Experiments used in Average-Reward Soft Actor-Critic by Jacob Adamczyk, Volodymyr Makarenko, Stas Tiomkin, and Rahul V. Kulkarni.

Environments: Gridworlds, Gymnasium's classic control and Mujoco.

Installation:

tested with python 3.12

  1. Clone the repo git clone --recurse-submodules https://github.com/BobMak/asac.git

  2. Install the dependencies

2.a using pdm

pdm use 3.12
pdm install

2.b using venv with python3.12

pip venv .
source .venv/bin/activate
pip install -e .
  1. activate the environment
    pdm: $(pdm venv activate)
    venv: source .venv/bin/activate

Experiments

Run a single ASAC or arDDPG training run for a specified environment:

python experiments/finetuned_runs.py --algo [asac|arddpg|sac] --env_id HalfCheetah-v5 [--exp-name experimentname]

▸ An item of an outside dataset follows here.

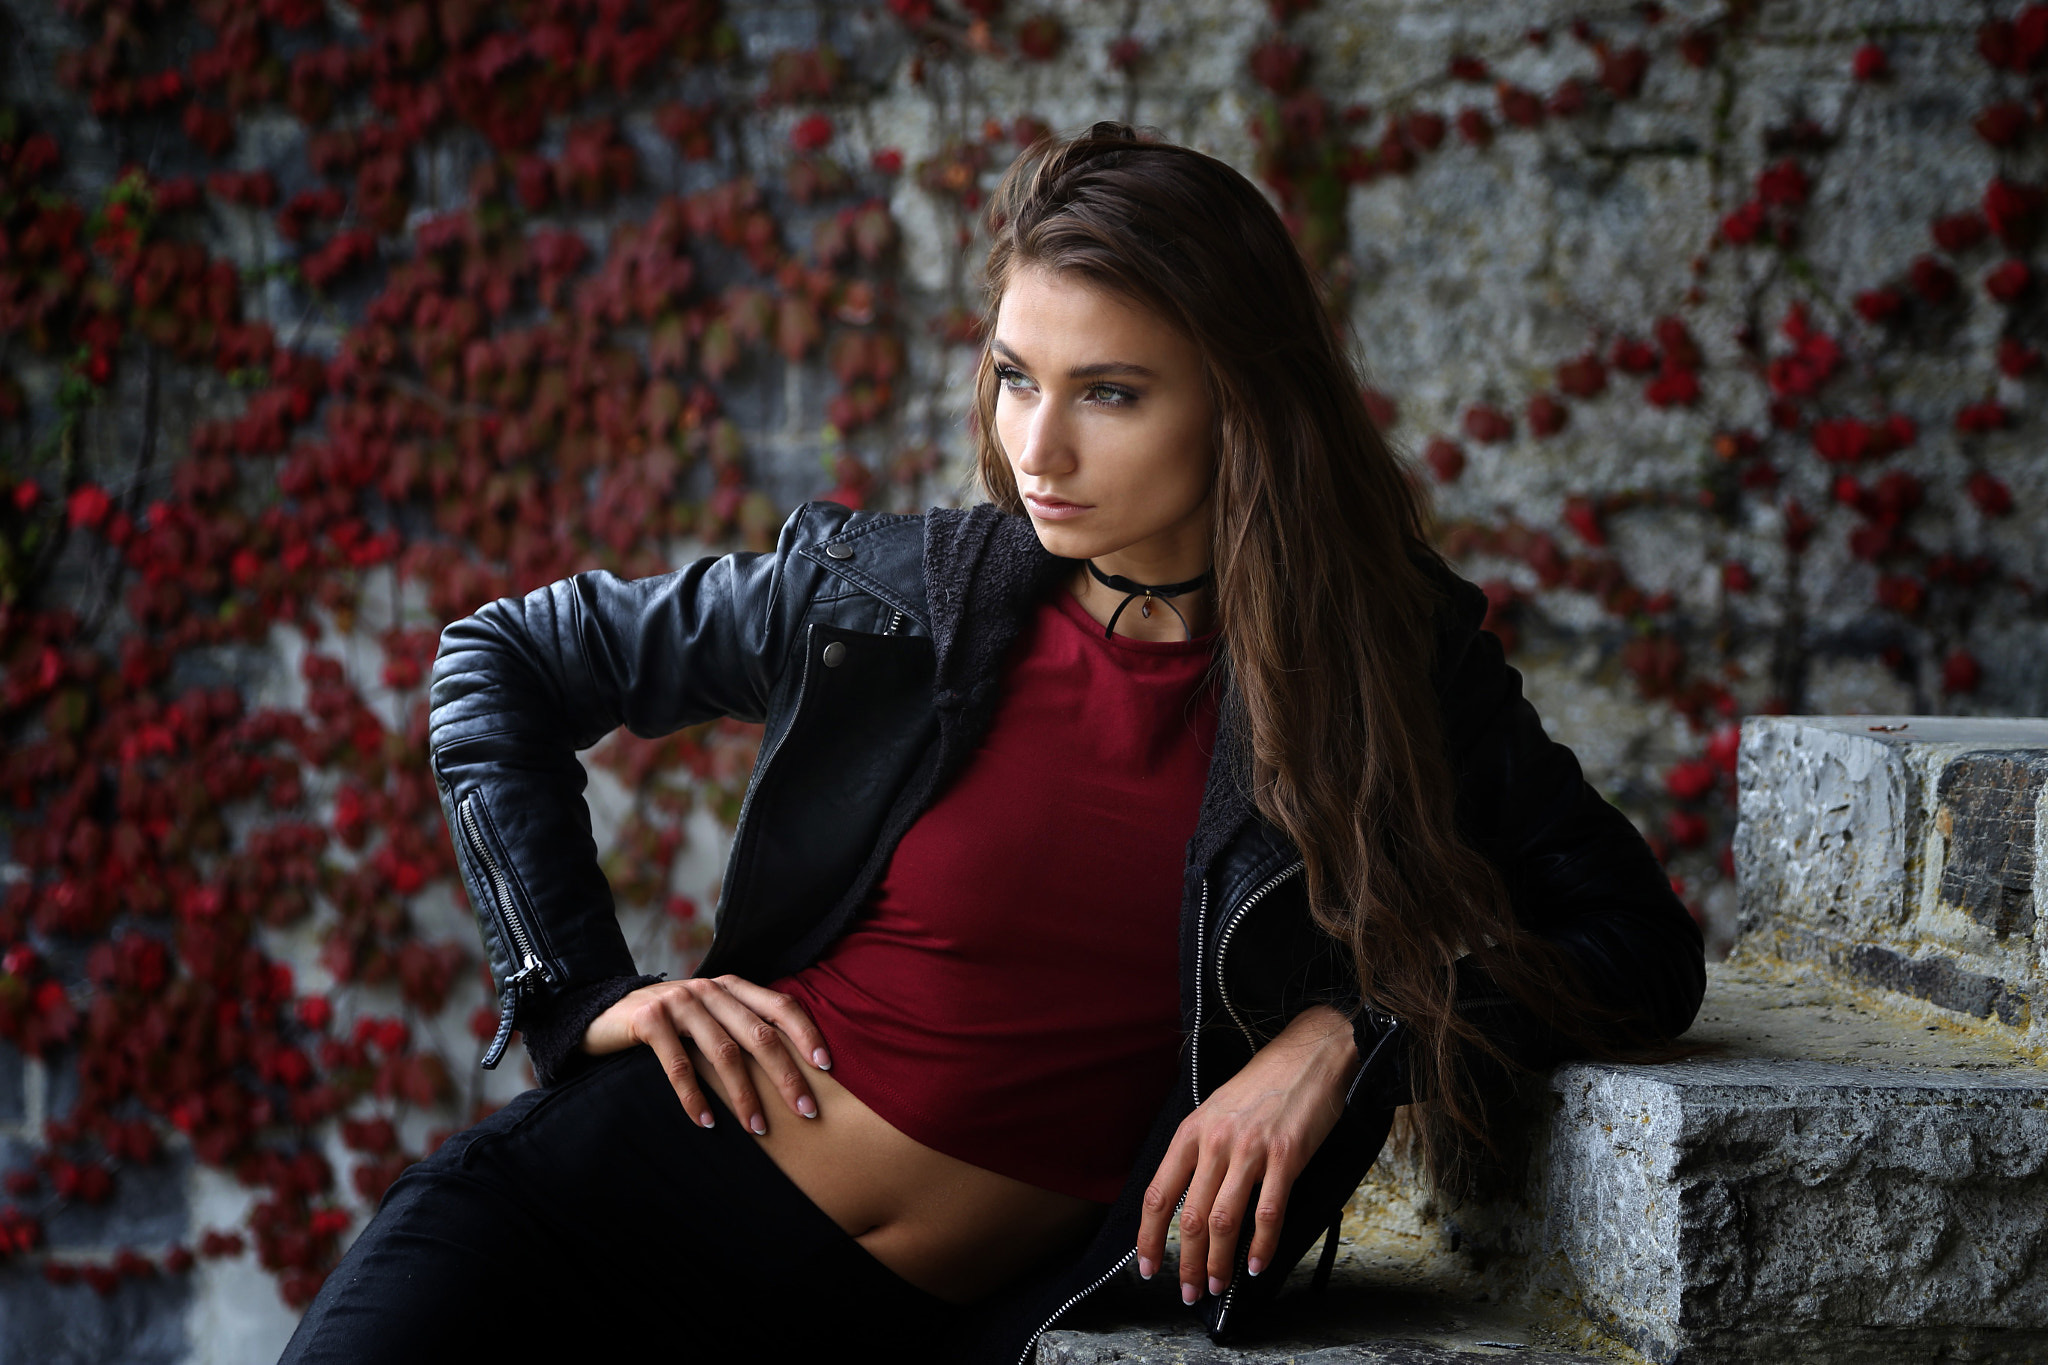 leather jackets wallpapers,red,beauty,fashion,model,photography ...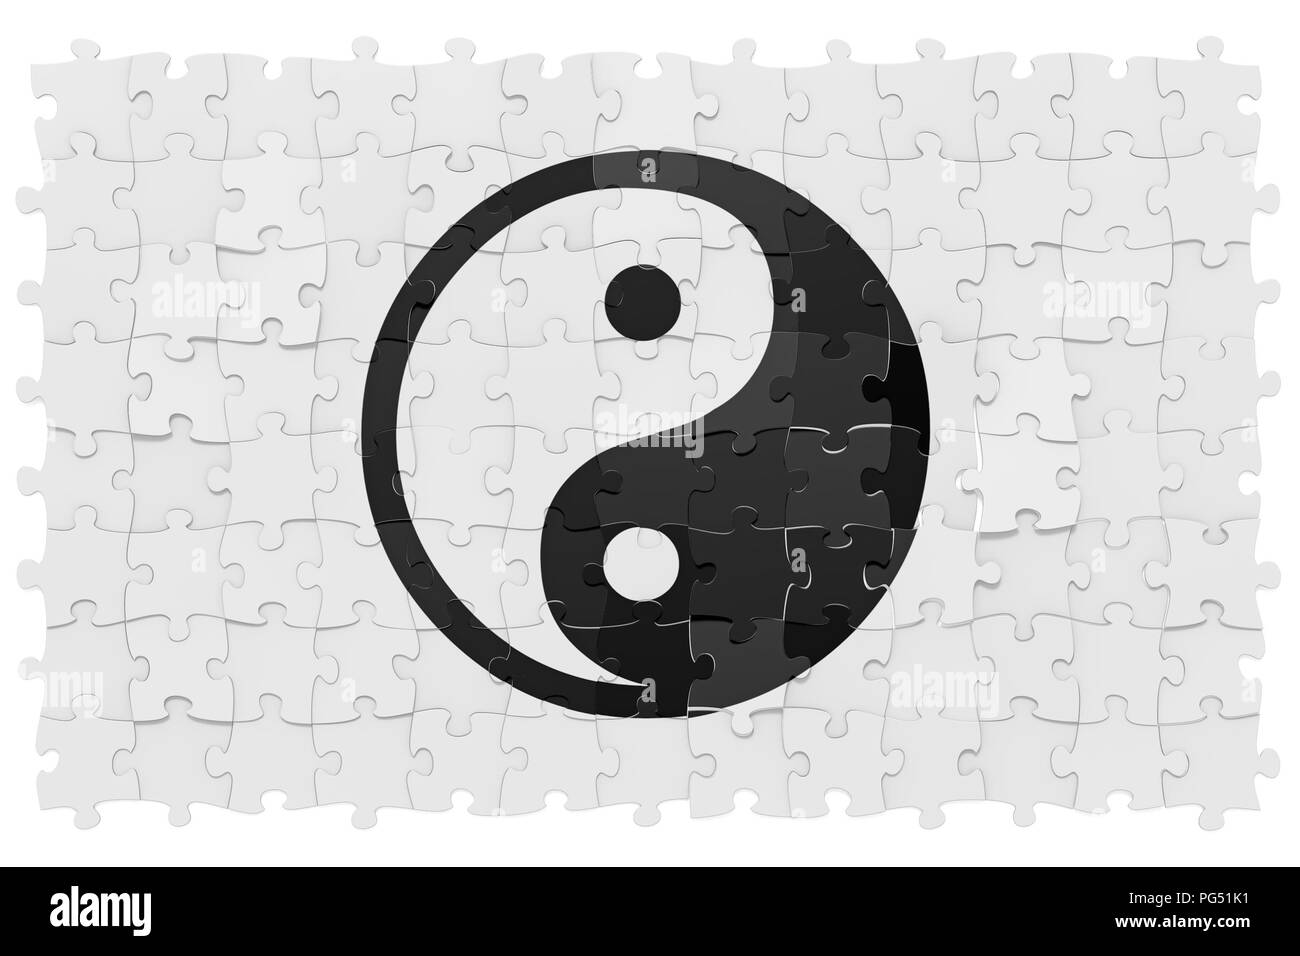 Jigsaw puzzles picture of Taijitu Yin-Yang symbol, inaccurate assembly, white background, 3D rendered image Stock Photo

Run a single ATRPO and APO training run for a specified environment:

python experiments/apo_runs.py --algo [atrpo|appo] --env_id HalfCheetah-v5 [--exp_name experimentname]

We run each experimental configuration 30 times.

Put all of the ATRPO and APO results into the common experiment directory:

./process_rlpyt_logs.sh [experimentname]

Plotting the results:

python experiments/comparison_plotter.py -e HalfCheetah-v5 [-n experimentname]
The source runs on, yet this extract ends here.